This is clear from the data released today by the National Institute of Statistics (INE), which highlights that, with the year-on-year increase in February, the signing of home mortgages returns to positive rates after 12 months of chaining declines.
María Matos, Director of Studies at Fotocasa, points out that the February data “shows a small change in trend in mortgages due to the stability that the Euribor is showing in recent months, after the ECB has not made any further increases in types recently.”
“The year will probably be differentiated between two marked stages, the one before interest rates fall and the one after.
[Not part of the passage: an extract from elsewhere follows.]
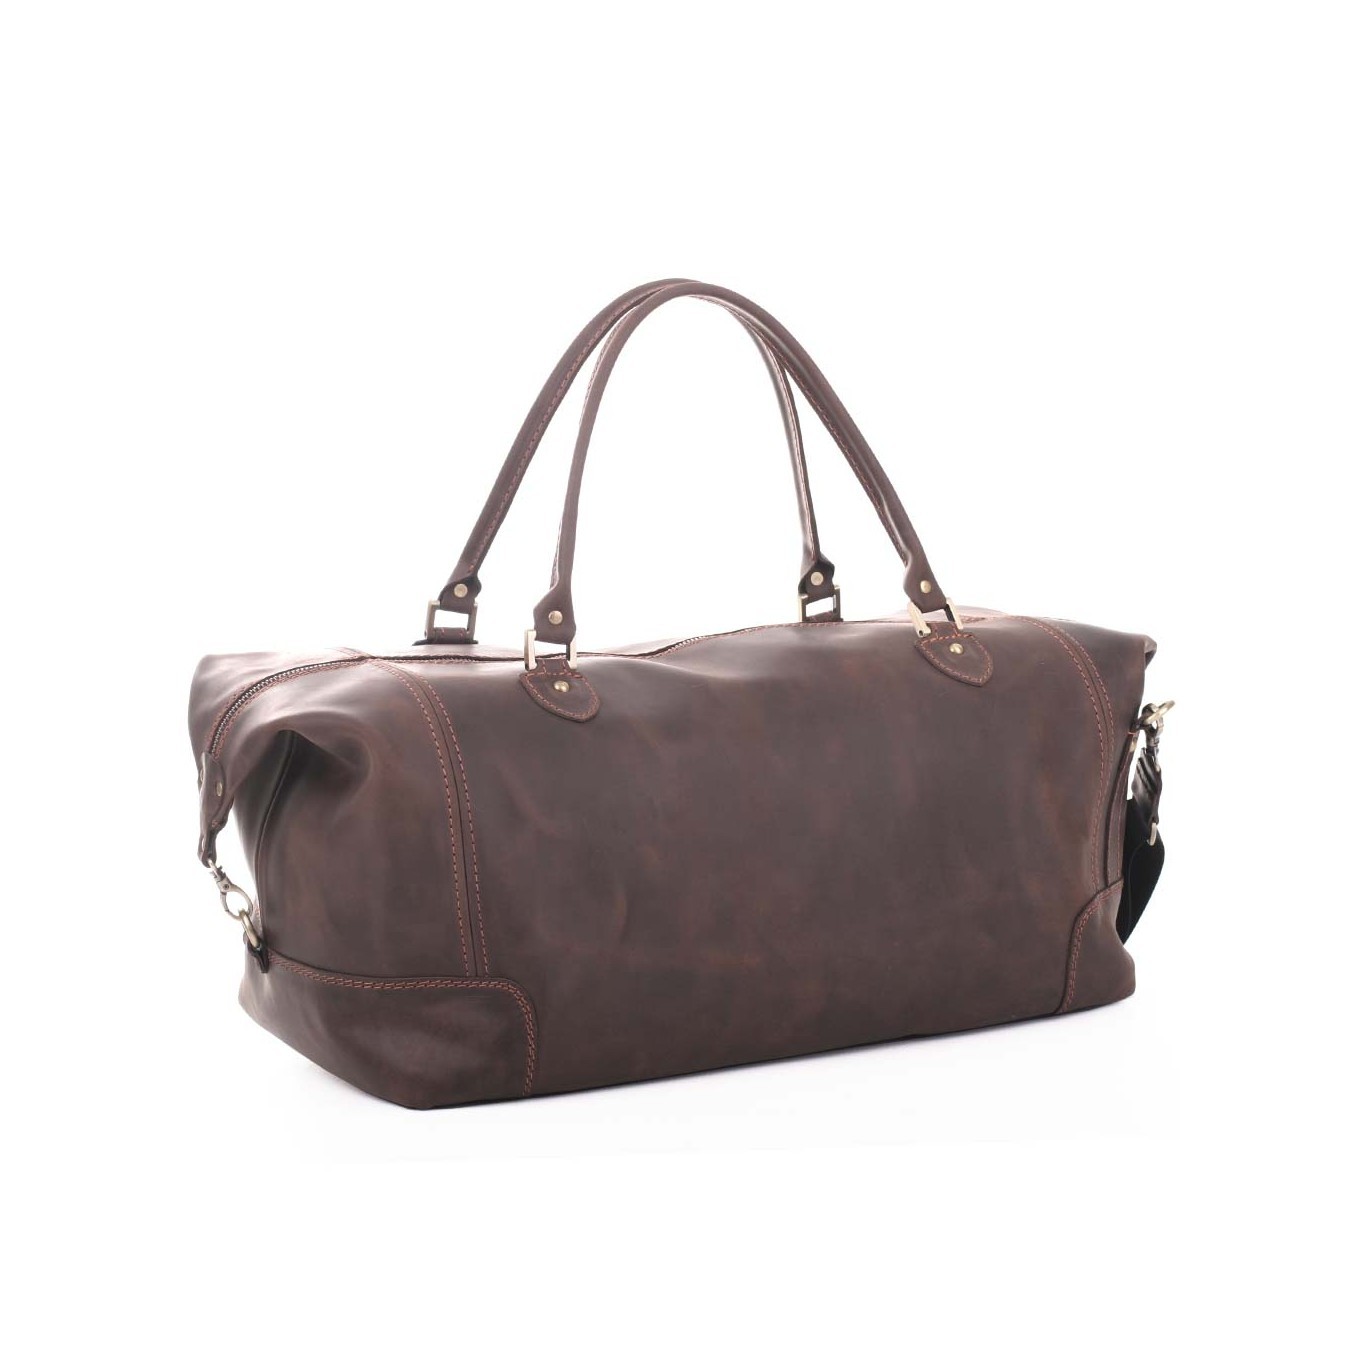 Spacious brown travel bag made of crazy horse leather

If the forecasts for de-escalation in rates by the ECB are confirmed and begin in June, we will once again see how the Access to housing improves as the conditions for access to mortgage credit are lowered and the demand that was kept waiting will return to the market with force,” adds Matos.
Juan Villén, general director of Idealista/mortgages agree that “the volume of mortgages registered in February already shows a slight but certain recovery, which began to occur at the beginning of this year.” In his opinion, “it is very possible that this trend will continue in the coming months, but the shortage of housing supply could slow down this recovery.”
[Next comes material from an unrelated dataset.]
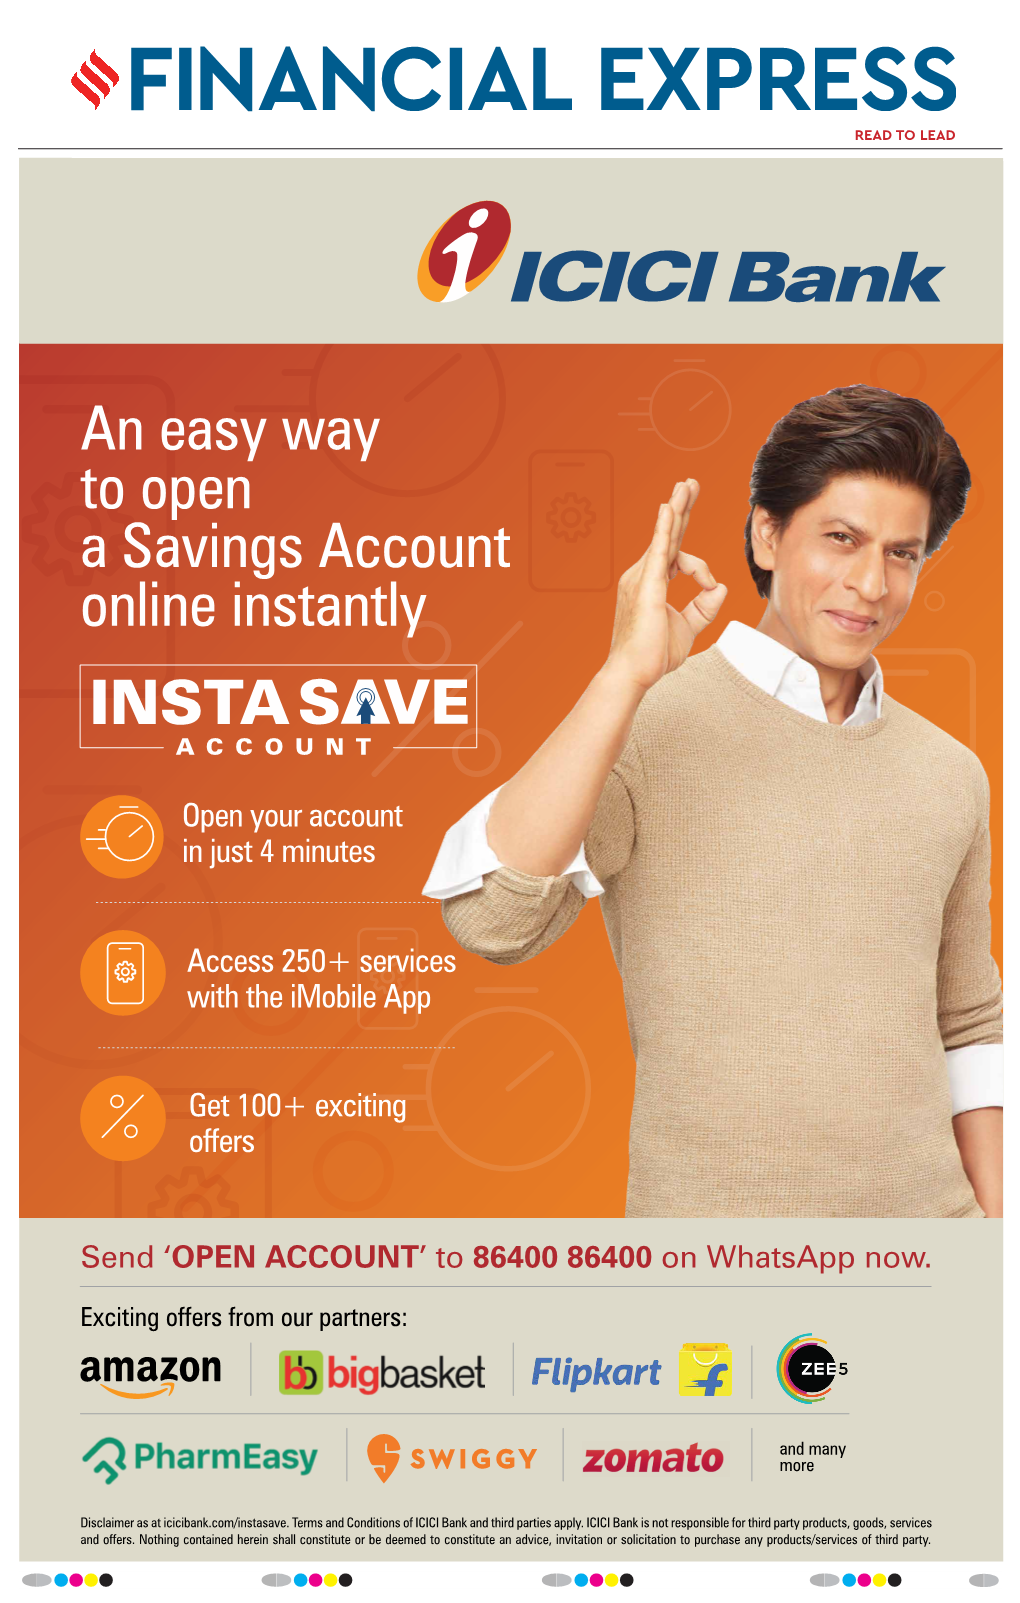 Get 100+ Exciting Offers Access 250+ Services with the Imobile App Open Your Account in Just 4 Minutes

“Interest rates are also beginning to reflect the drop in the Euribor, as well as greater competition between banks,” says Villén. “This strong mortgage war is being fought fundamentally in fixed and mixed mortgages, which continue to dominate the market,” she adds.
For his part, Ferran Font, director of Studies at Pisos.com, indicates that the INE statistics “show the change in trend in the sector that was already anticipated in sales.” Font highlights that the borrowed capital follows the same dynamic and contracts only 1.6% “getting closer to the growth that, in all probability, will reach next month.”
The average amount of mortgages constituted on homes fell by 5.2% year-on-year in the second month of the year, to 136,145 euros, while the capital lent decreased by 1.6%, to 5,068.9 million euros.
Following the interest rate policy carried out by the European Central Bank (ECB) to try to contain inflation and the evolution of the Euribor, the average interest rate was 3.33% in February for mortgages constituted on homes, with an average term of 23 years. In this way, it decreased slightly from 3.46% in January, when it reached its highest value since the end of 2014. With the exception of January, February has been the highest interest since December 2015, the month in which was 3.36%.
Compared to a year earlier, the average interest rate for home loans has increased almost half a point. It is the eleventh consecutive month in which the interest rate exceeds 3%.
44.7% of mortgages were established in February at a variable rate and 55.3% at a fixed rate. The average interest rate at the beginning was 3.07% for variable rate home mortgages and 3.57% for fixed rate mortgages.